Kenya’s import-export gap widens, hits forex
Kenya’s imports triple export to Sh216 billion in March alone
The value of Kenya’s imports almost tripled that of export between February and March 2023, highlighting the persistent negative balance of trade that continues to drain a considerable chunk of the country’s forex reserves.
During the period, import value rose by 17.2 per cent to Sh216.43 billion while export value stood at just 81.74 billion, reflecting a marginal increase of 6.6 per cent, according to the latest data by Kenya National Bureau of Statistics (KNBS).
Exports value rose from the previous figure of Sh76.65 billion in February, reflecting an increase by just Sh5.09 billion which is, however, too low to offset the impact of the dollar outflow caused by the massive imports.
While KNBS did not state the precise products imported during that period, Kenya generally sources fuel, edible oil, machinery, iron, and cement among others from its major trading partners while exporting agricultural produce.
“The value of vegetables exported decreased from Sh1,947.72 million to Sh2576.61 million during the same period,” KNBS said in a statement.
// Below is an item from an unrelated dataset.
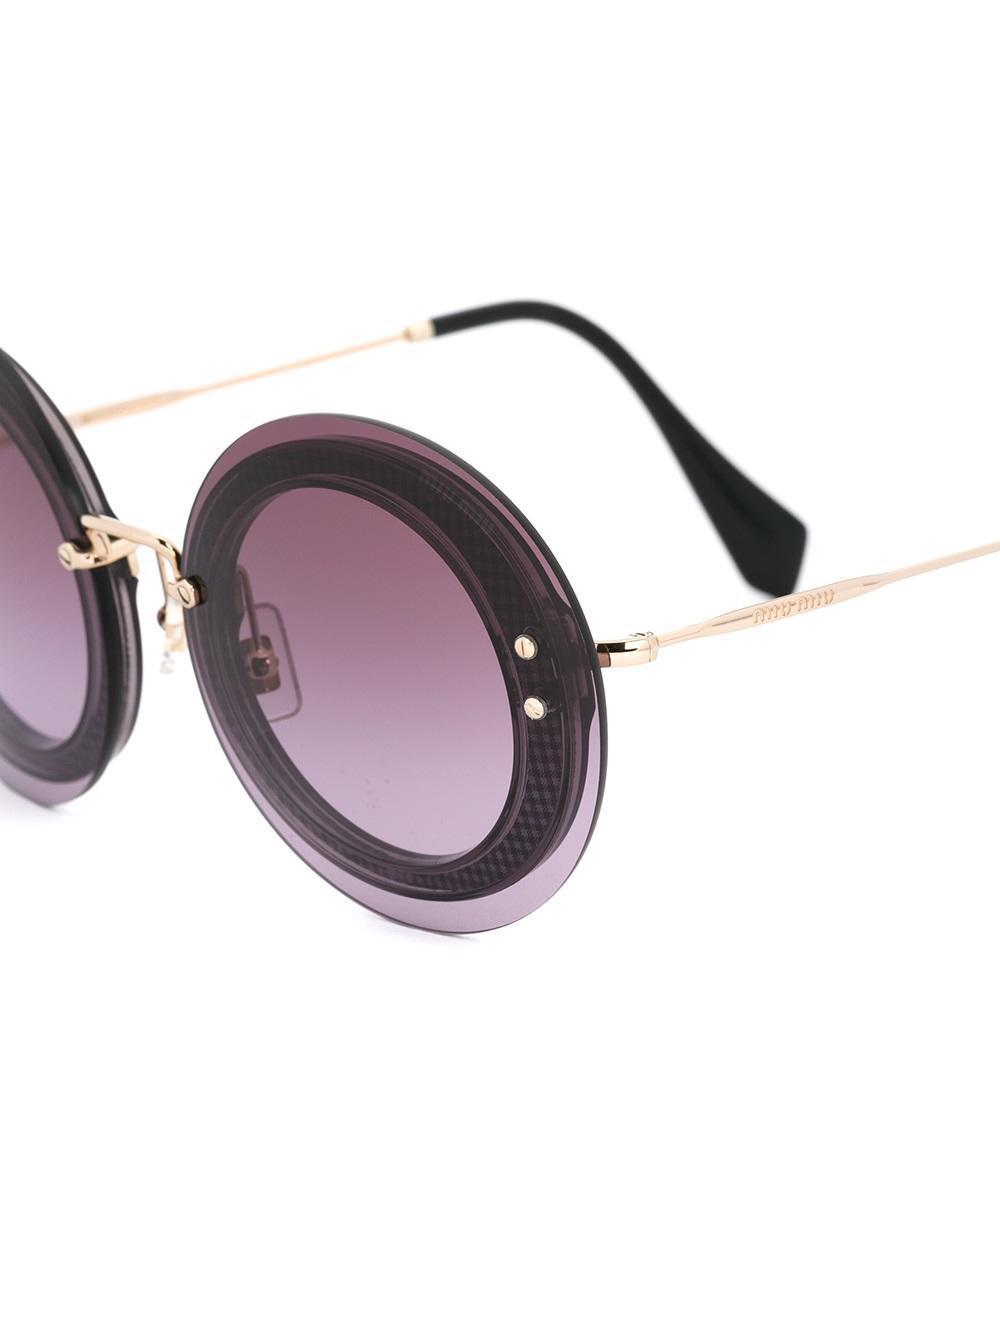 94401edeb11 Miu Miu - Multicolor Oversize Round Pattern Sunglasses - Lyst. View  fullscreen

The decrease in the export of agricultural produce was also witnessed in the quantity of cut flowers and fruits which also narrowed downwards to 11,935 tonnes and 7,035 tonnes, respectively.
Higher export than import often widens Kenya’s current account – the difference between a country’s forex inflows and outflows – unlocking demand for the dollar which is useful in cushioning the shilling in the forex market.
The usable dollar reserves have dropped below the statutory requirement of at least four months of import cover, leaving the shilling in a free fall but the problem is also linked to multiple external shocks such as tightening of monetary policies.
President William Ruto’s Kenya Kwanza has been keen to increase exports in the short to medium term, by mainly supporting the production of the prioritised agricultural value chains, which are considered to bear the biggest impact on the depressed economy. National Treasury Cabinet secretary Njuguna Ndung’u told the Budget and Appropriations Committee last week that the government has adopted a value chain approach that will address the bottlenecks that impede the growth of exports and enhance the country’s competitiveness.
“This will entail revamping underperforming and collapsed export crops while expanding emerging ones (coffee, cashew nuts, pyrethrum, avocado, macadamia nuts)”.
The prioritised value chains include textile and apparel, edible oil crop production, dairy, leather and leather products, rice, and tea. Others are blue economy, minerals and tree planting, and construction and building materials.
Also being closely watched by the regime is the currently ongoing trade negotiations and renewing of bilateral ties with key allies to build broader foreign market access for its domestic products.
There is, for instance, the trade negotiation with the United States, European Union, and continued implementation of the African Continental Free Trade Agreement (AfCFTA) as the country looks to build export capacity.